Cookies¶
Cookies are stored in Request and Response headers as part of the HTTP protocol.
Utilities are provided to perform basic operations based on Soup.Cookie as those provided by libsoup-2.4 requires a Soup.Message, which is not common to all implementations.
- extract cookies from request headers
- find a cookie by its name
- marshall cookies for request or response headers (provided by libsoup-2.4)
Extract cookies¶
Cookies can be extracted as a singly-linked list from a Request or Response their order of appearance (see Soup.MessageHeaders.get_list for more details).
The Request.cookies
property will extract cookies from the Cookie
headers. Only the name
and value
fields will be filled as it is the
sole information sent by the client.
var cookies = req.cookies;
The equivalent property exist for Response and will extract the
Set-Cookie
headers instead. The corresponding Request URI will be
used for the cookies origin.
var cookies = res.cookies;
The extracted cookies can be manipulated with common SList operations. However, they must be written back into the Response for the changes to be effective.
Warning
Cookies will be in their order of appearance and SList.reverse should be used prior to perform a lookup that respects precedence.
cookies.reverse ();
for (var cookie in cookies)
if (cookie.name == "session")
return cookie;
Lookup a cookie¶
You can lookup a cookie by its name from a Request using
lookup_cookie
, null
is returned if no such cookies can be found.
Warning
Although this is not formally specified, cookies name are considered as
being case-sensitive by CookieUtils
utilities.
If it’s signed (recommended for sessions), the equivalent
lookup_signed_cookie
exists.
string? session_id;
var session = req.lookup_signed_cookie ("session", ChecksumType.SHA512, "secret".data, out session_id);
Marshall a cookie¶
libsoup-2.4 provides a complete implementation with the Soup.Cookie class to represent and marshall cookies for both request and response headers.
The newly created cookie can be sent by adding a Set-Cookie
header in the
Response.
var cookie = new Cookie ("name", "value", "0.0.0.0", "/", 60);
res.headers.append ("Set-Cookie", cookie.to_set_cookie_header ());
Sign and verify¶
Considering that cookies are persisted by the user agent, it might be necessary
to sign to prevent forgery. CookieUtils.sign
and CookieUtils.verify
functions are provided for the purposes of signing and verifying cookies.
Warning
Be careful when you choose and store the secret key. Also, changing it will break any previously signed cookies, which may still be submitted by user agents.
It’s up to you to choose what hashing algorithm and secret: SHA512
is
generally recommended.
The CookieUtils.sign
utility will sign the cookie in-place. It can then be
verified using CookieUtils.verify
.
The value will be stored in the output parameter if the verification process is successful.

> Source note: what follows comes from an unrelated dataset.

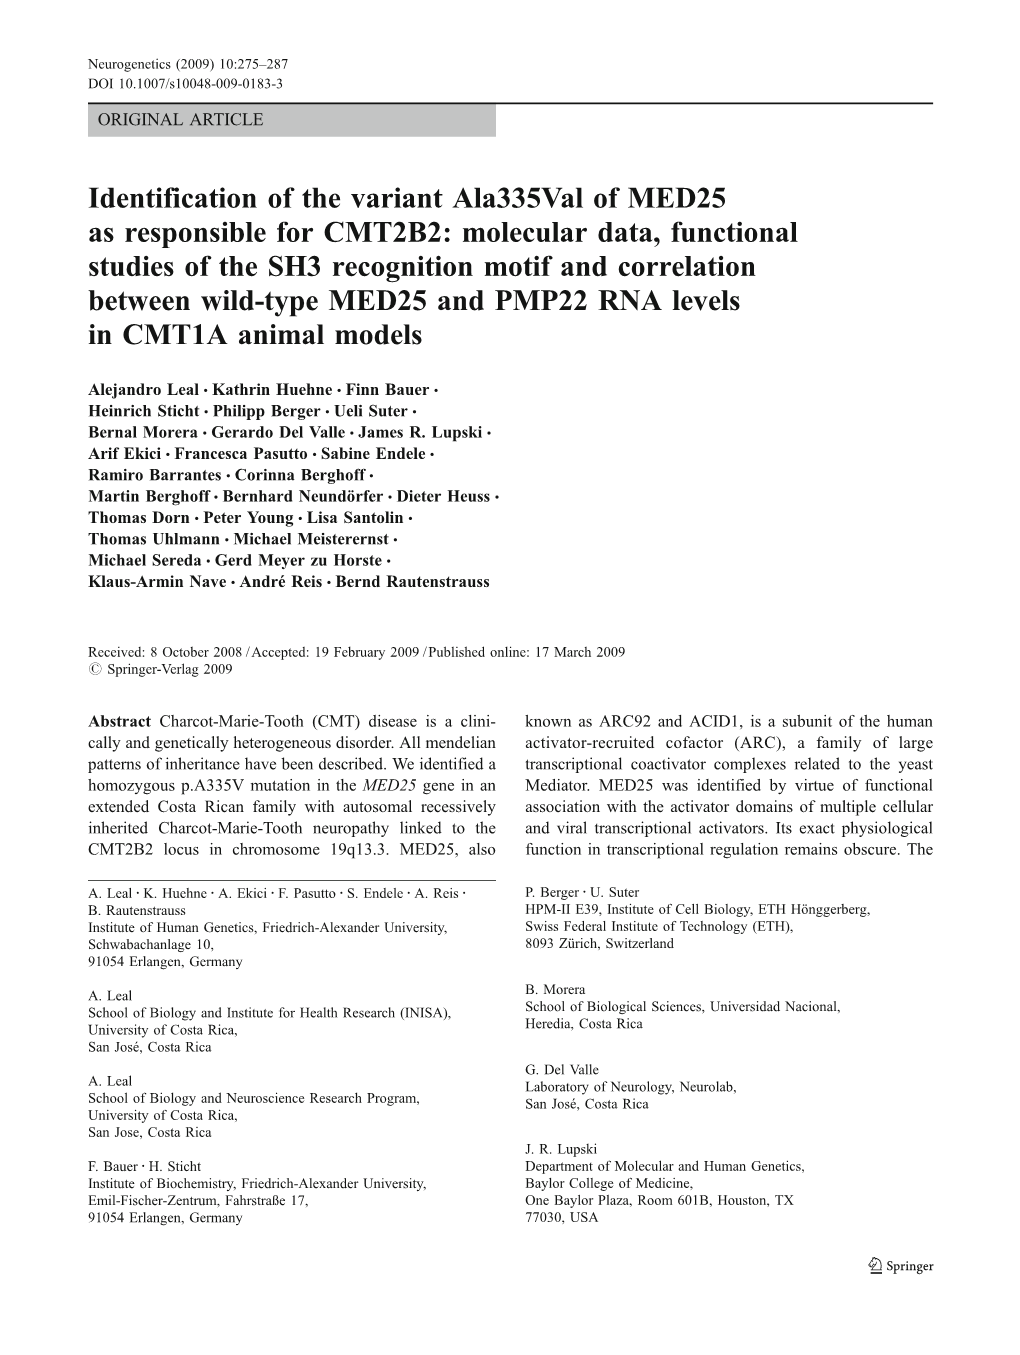 Molecular Data, Functional Studies of the SH3 Recognition Motif and Correlation Between Wild-Type MED25 and PMP22 RNA Levels in CMT1A Animal Models

CookieUtils.sign (cookie, ChecksumType.SHA512, "secret".data);
string value;
if (CookieUtils.verify (cookie, ChecksumType.SHA512, "secret.data", out value)) {
// cookie's okay and the original value is stored in value
}
The signature is computed in a way it guarantees that:
- we have produced the value
- we have produced the name and associated it to the value
The algorithm is the following:
HMAC (checksum_type, key, HMAC (checksum_type, key, value) + name) + value
The verification process does not handle special cases like values smaller than the hashing: cookies are either signed or not, even if their values are incorrectly formed.
If well-formed, cookies are verified in constant-time to prevent time-based attacks.